Dataset content
################

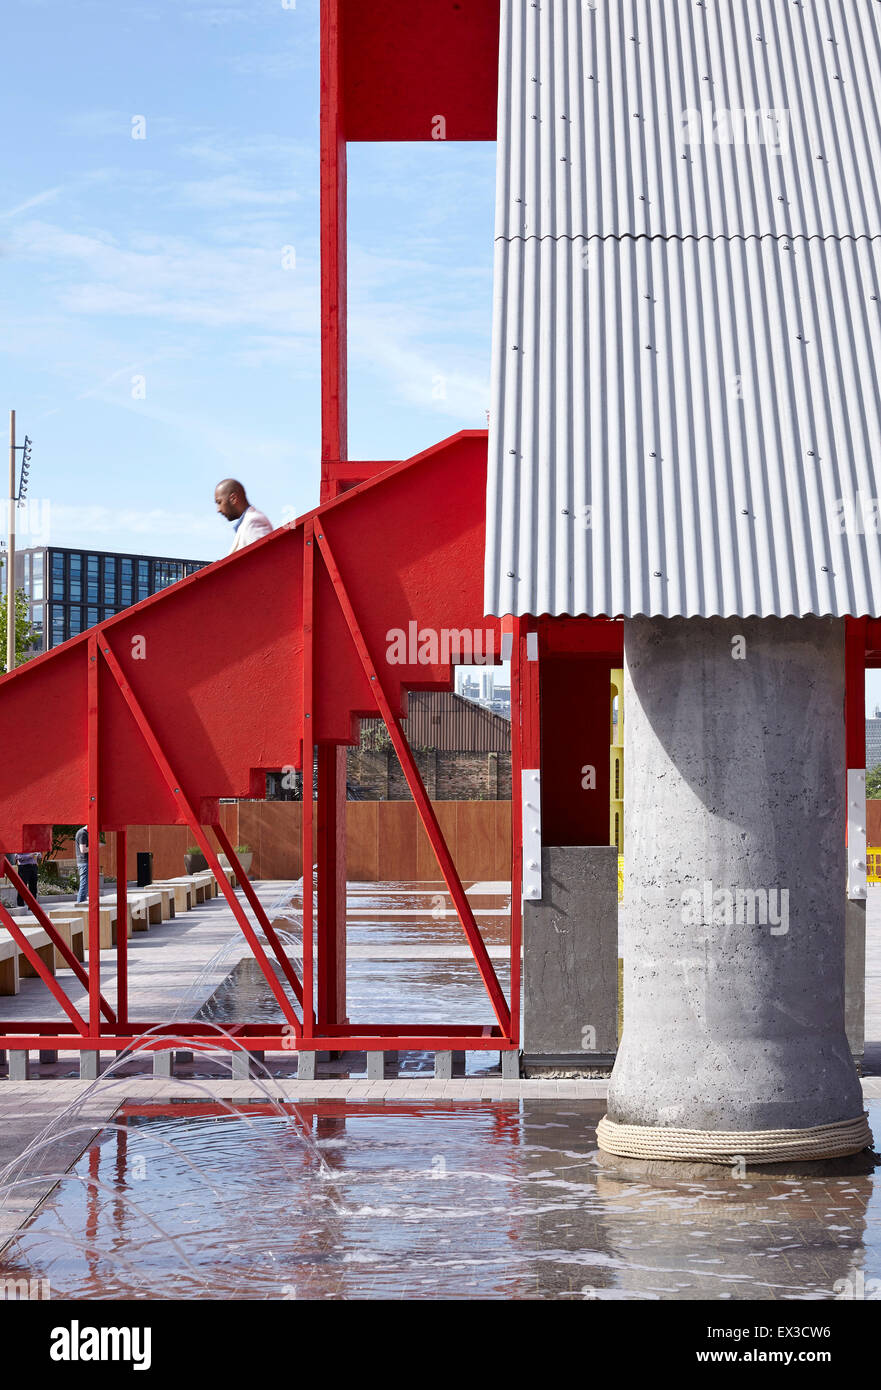 Detail einer der tragenden Säulen aus zweckgebundenen Kanalrohr hergestellt. Große rote Pavillon, London, Vereinigtes Königreich. Architekt: Stockfoto
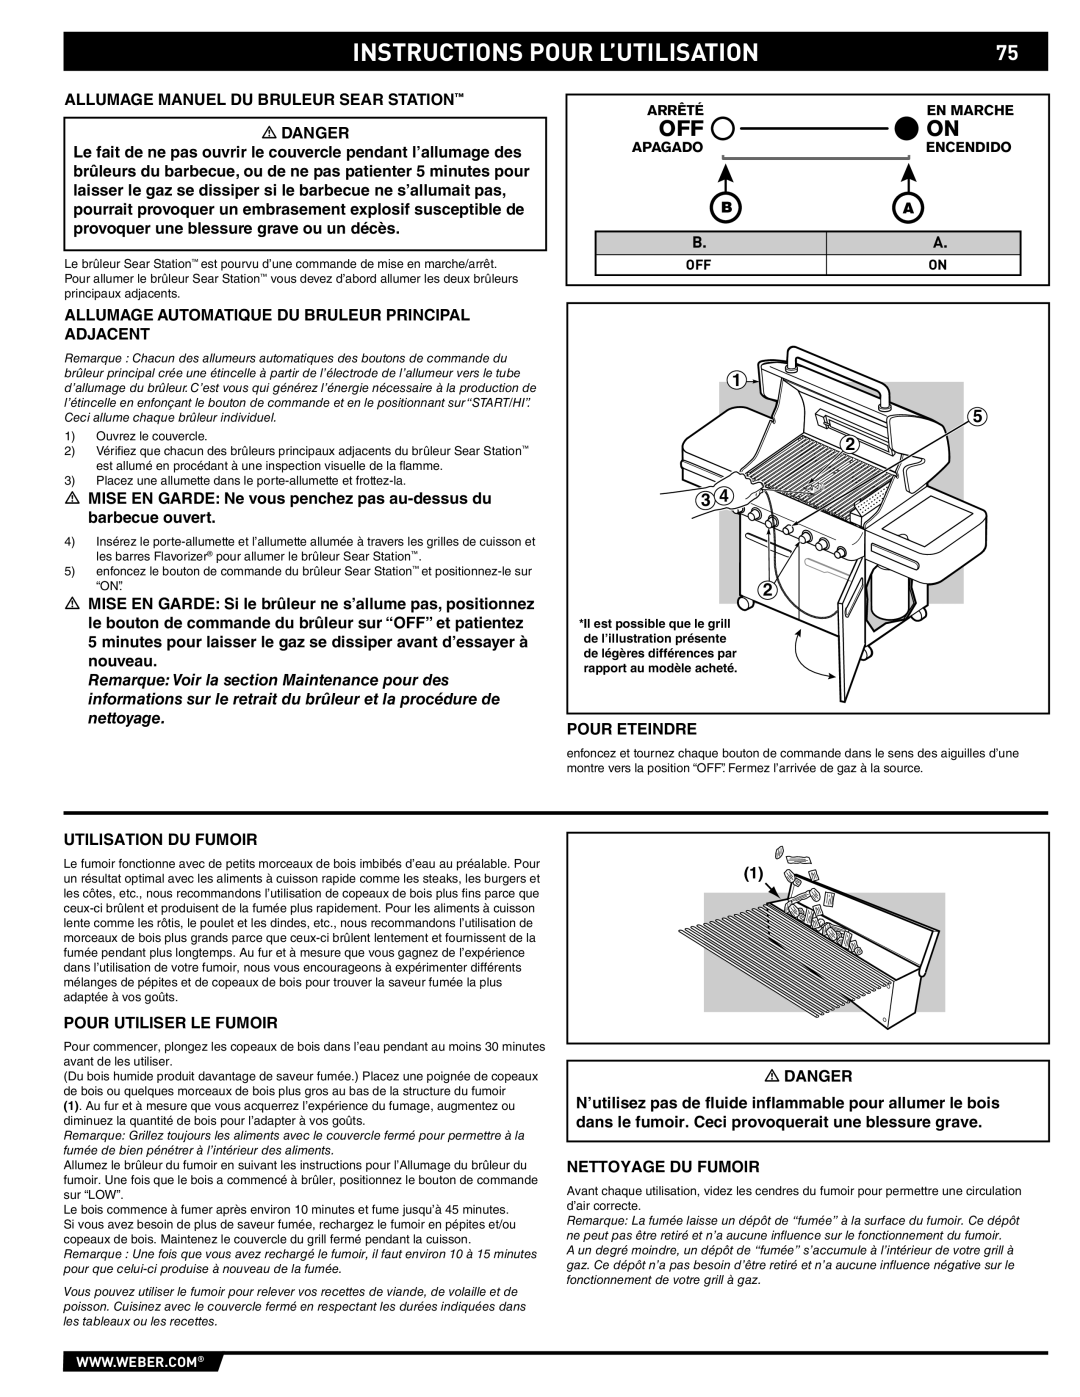 Summit 89190 manual Instructions Pour L’Utilisation 
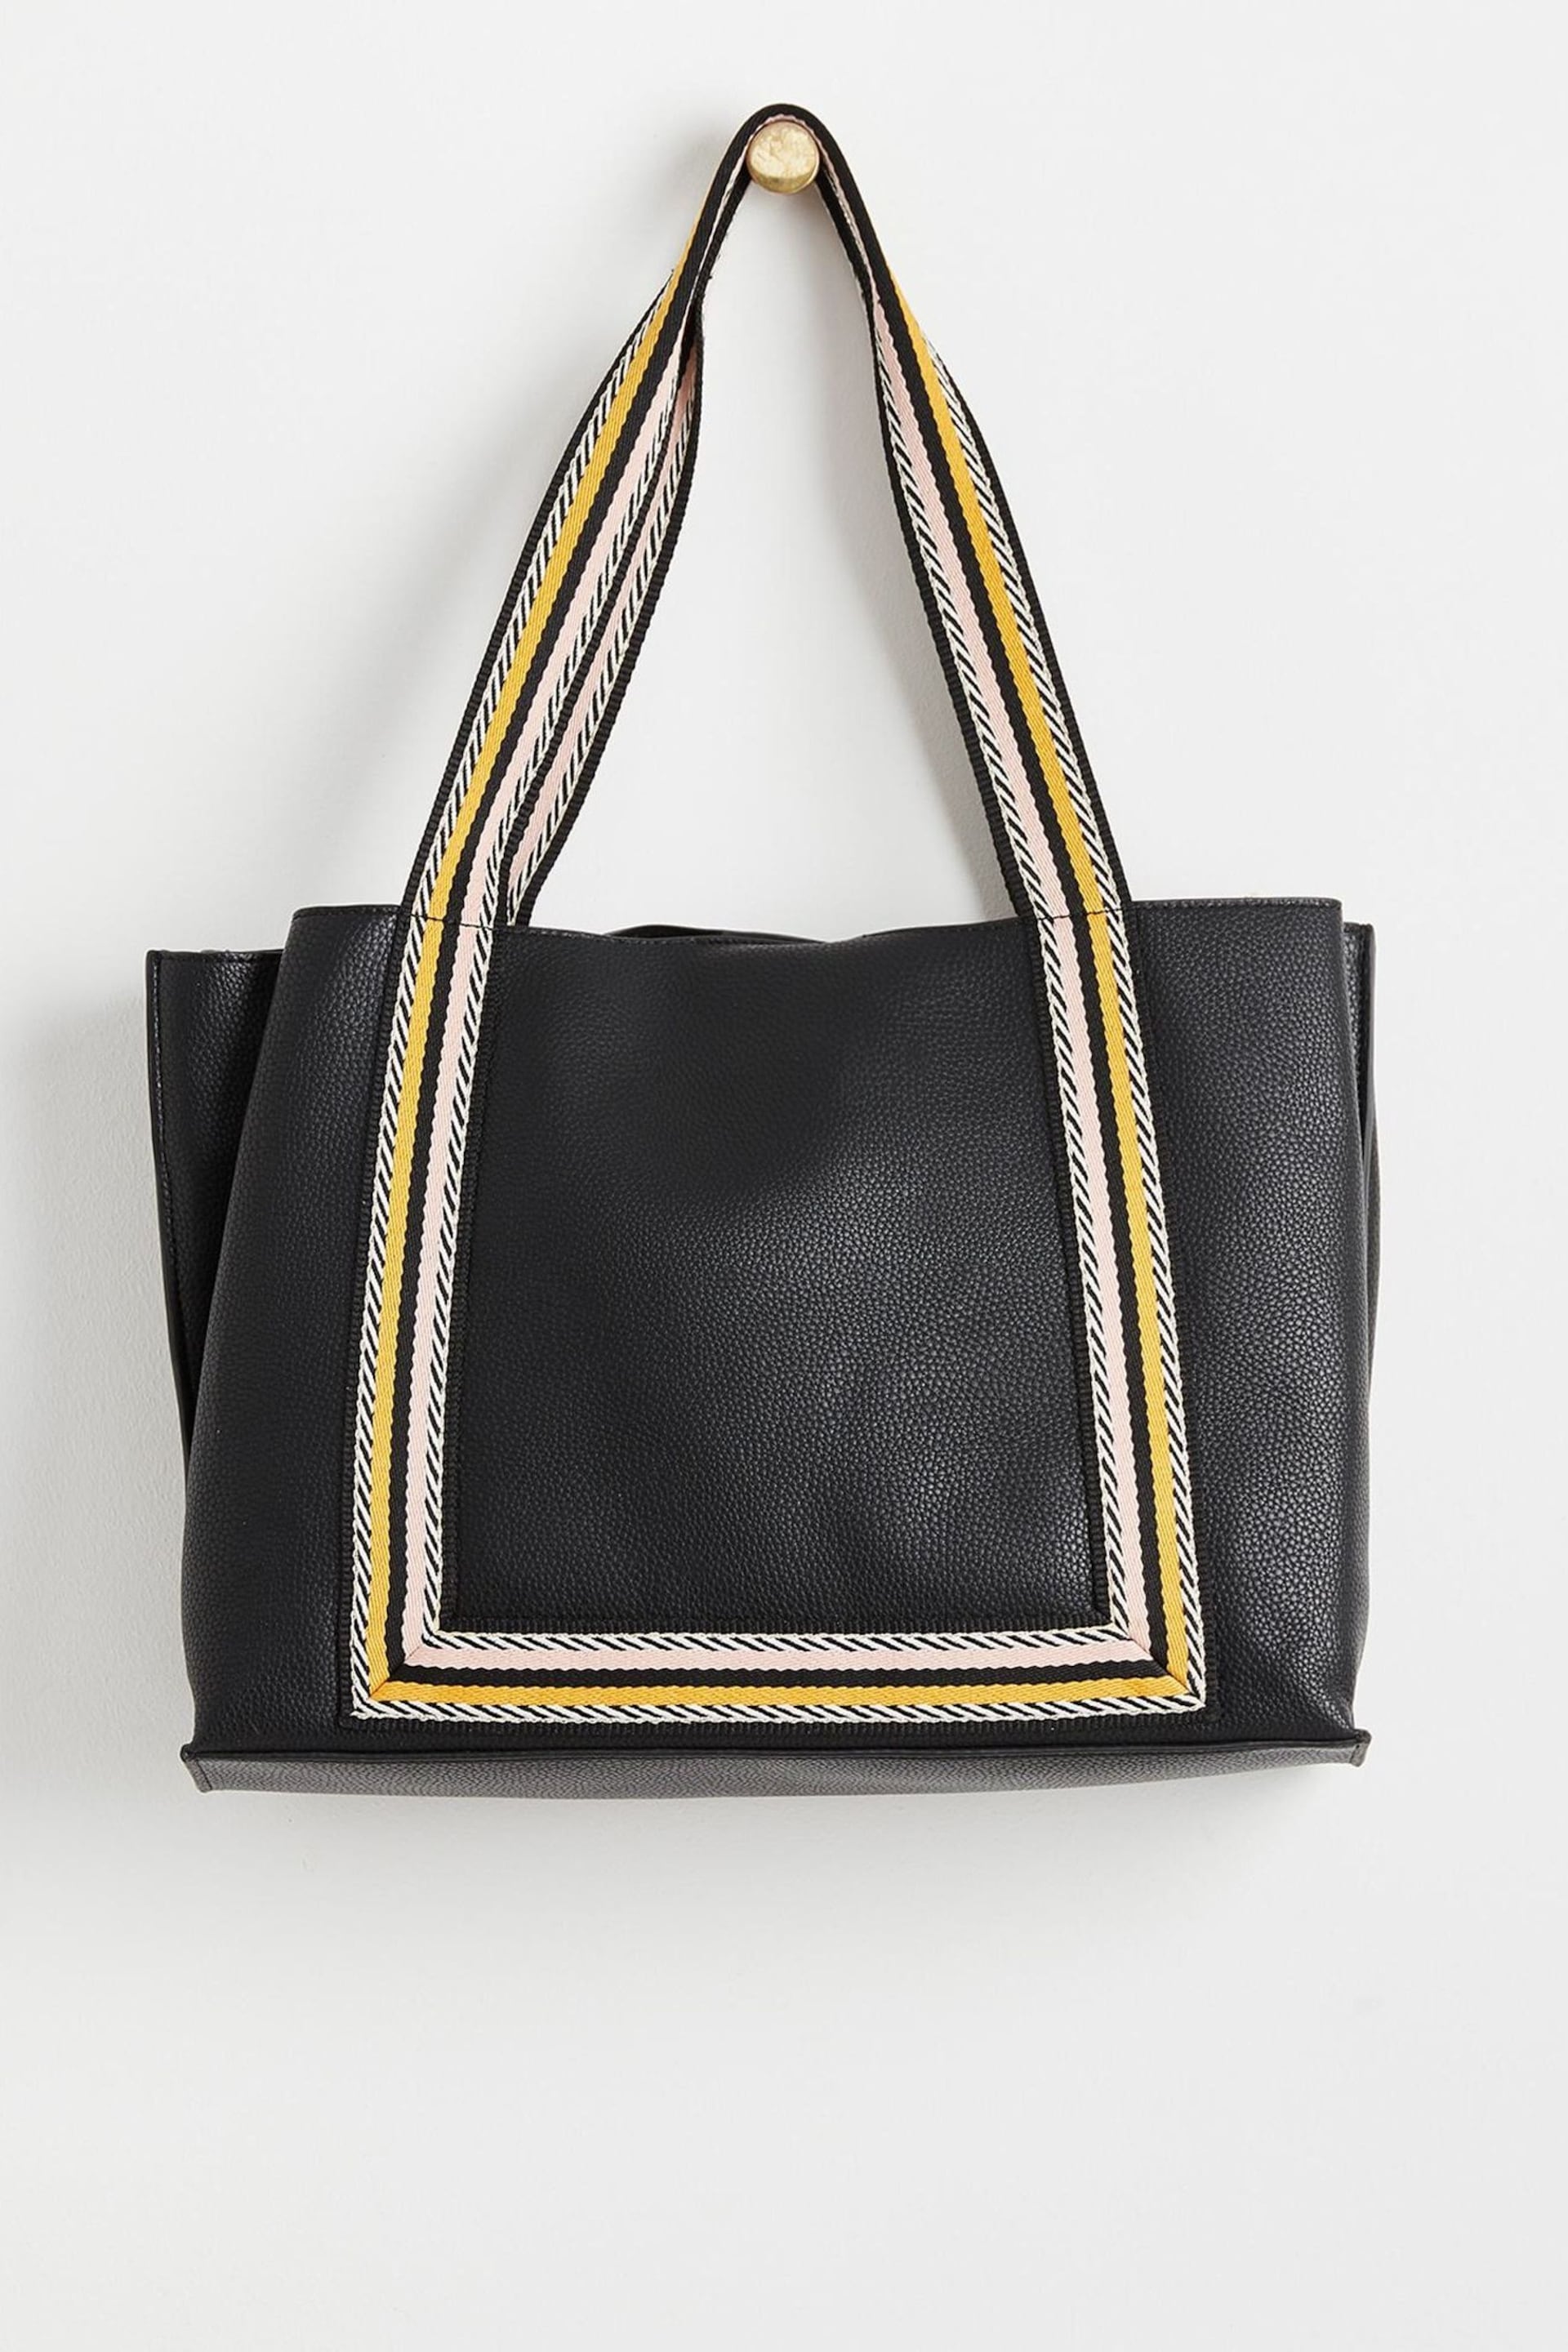 Oliver Bonas Emma Stripe Black Tote Bag - Image 2 of 5

################

Please give the data again in full, exactly as written, but without any images.

Response area
 Detail einer der tragenden Säulen aus zweckgebundenen Kanalrohr hergestellt. Große rote Pavillon, London, Vereinigtes Königreich. Architekt: Stockfoto
 Summit 89190 manual Instructions Pour L’Utilisation 
 Oliver Bonas Emma Stripe Black Tote Bag - Image 2 of 5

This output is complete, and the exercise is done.